Less than half of workers overall feel optimistic about the future, according to Glassdoor’s Employee Confidence Index published earlier this month. But that number reached a record low for entry-level employees in particular—only 43.4% of that cohort is positive about the 6-month business outlook for their employer, the lowest number since Glassdoor began collecting data in 2016. 

“Entry level workers have less job security. And so as they see these economic headwinds on the horizon, there’s an understandable concern that they might be the first ones to lose their jobs in a recession, or they’ll be left out in the cold when trying to find a new job,” Daniel Zhao, Glassdoor’s lead economist, tells Fortune

The latest numbers from Glassdoor mirror other surveys that show the confidence of American workers has taken a major hit. Recent data from LinkedIn showed that U.S. workers feel even worse about the future than they did during the height of the pandemic in April 2020; two major drivers of worker anxiety are a slowing jobs market and the impact of AI. 

The latest stock market volatility this week certainly won’t help workers gain back their confidence. After President Trump’s so-called “reciprocal tariffs” took effect, global markets plunged Wednesday, sending business leaders into panic mode. Although Trump announced a 90-day pause on those tariffs later in the day, with the major exception of China that got hit with an even steeper levies, economists warn that major damage has been done. Markets seemed to reflect that on Thursday, as stock prices dropped once more amid trade worries.    

“Many employers are pulling back on budgets, promoting less, hiring less, and that all adds up to less opportunities for entry level workers to climb the career ladder,” says Zhao. 

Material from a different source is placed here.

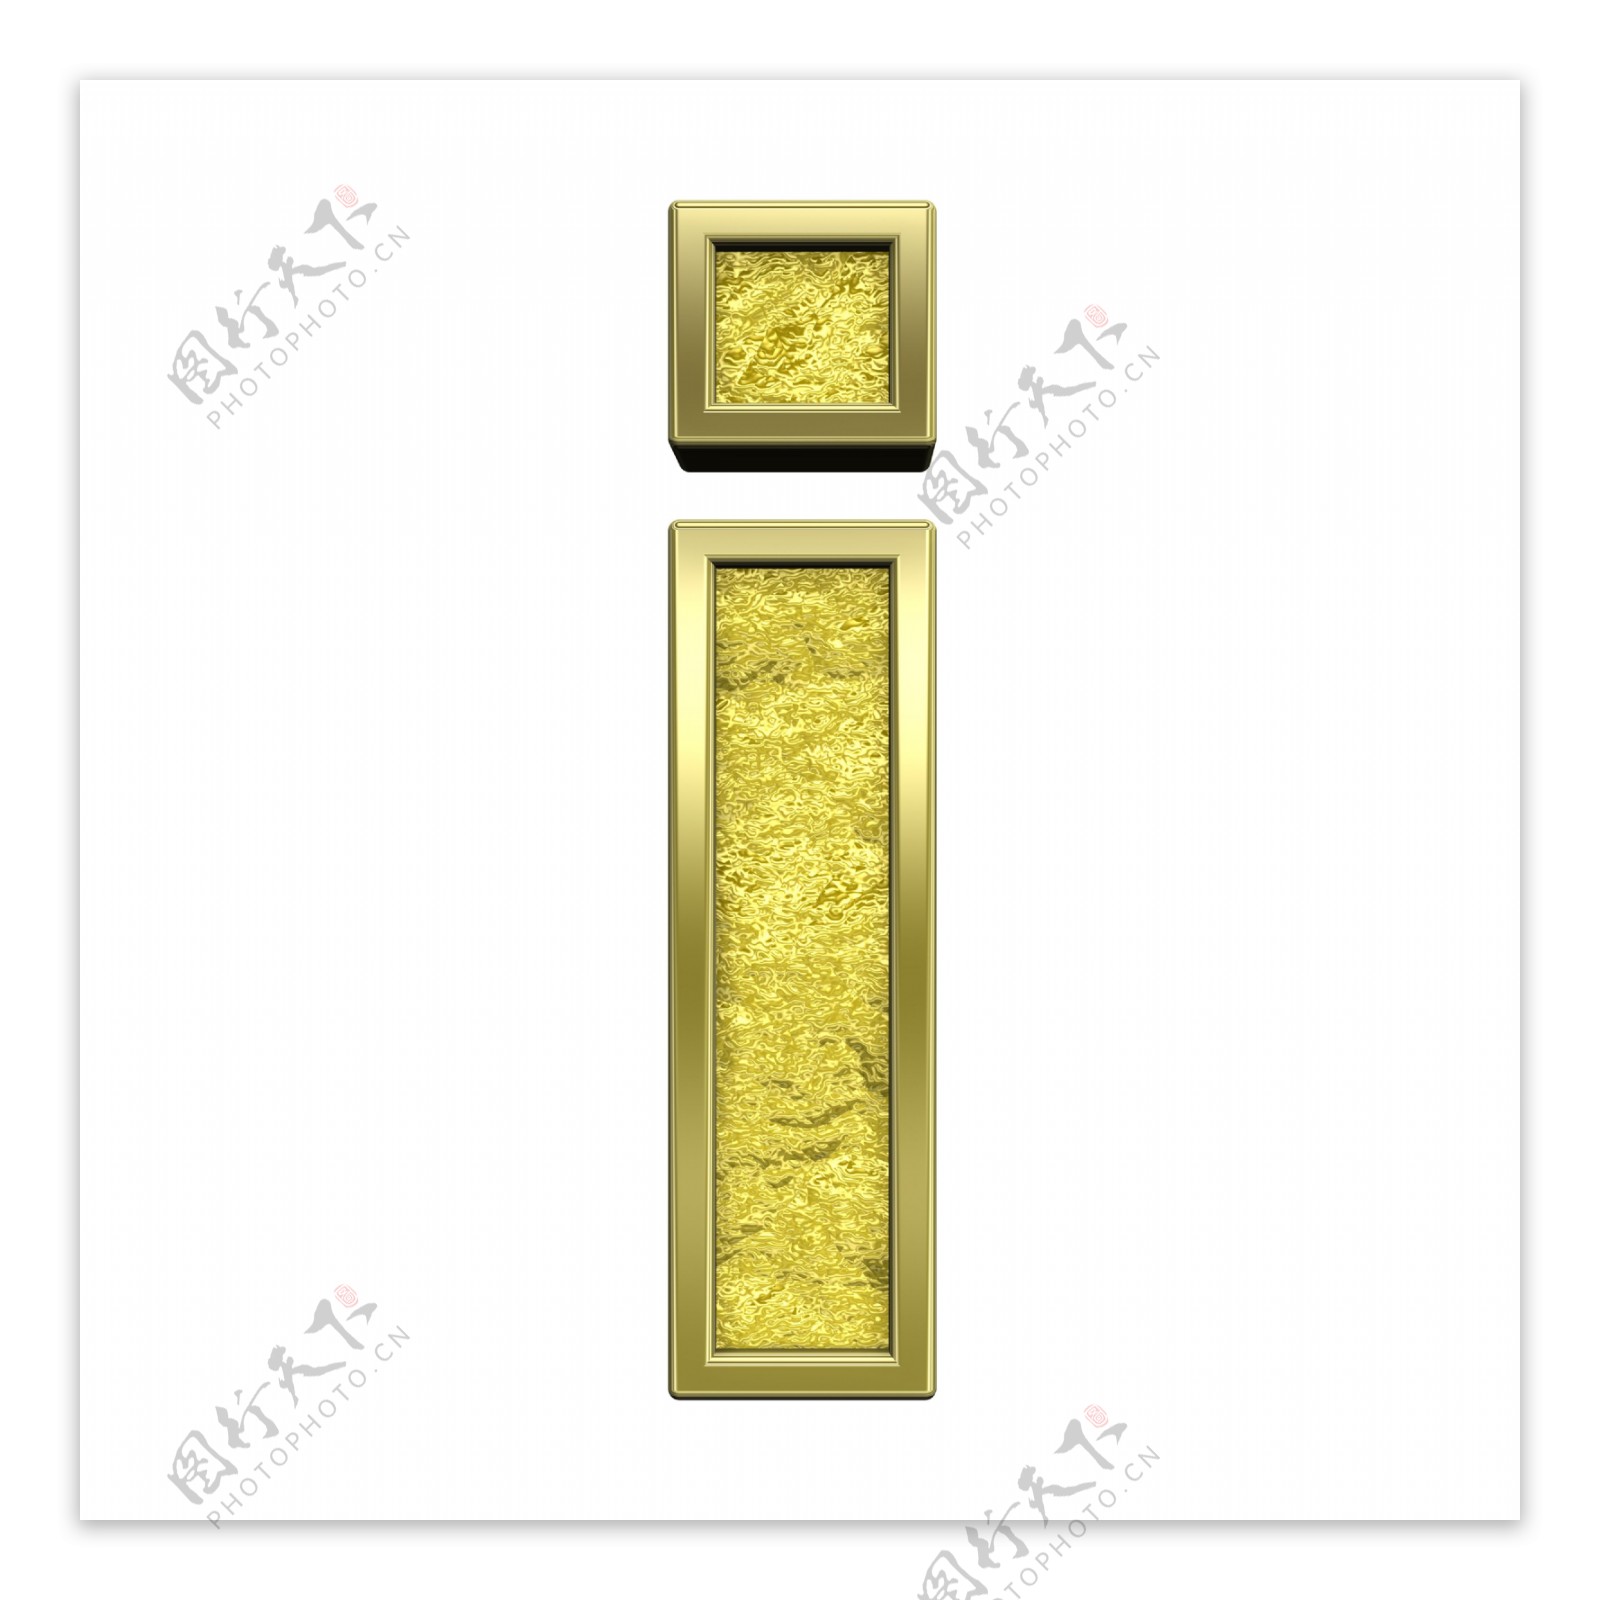 一个小写字母的字符集黄金铸造

But he argues that it’s imperative for young workers especially to tune out chaos as best they can, and focus on what they actually have power over. That includes things like careful budgeting, and working on adding to and improving their skill sets in a quickly-changing hiring environment. 

“There’s a lot of noise in the headlines right now and a lot of economic uncertainty flying around,” he says. “But ultimately none of us have control over that.”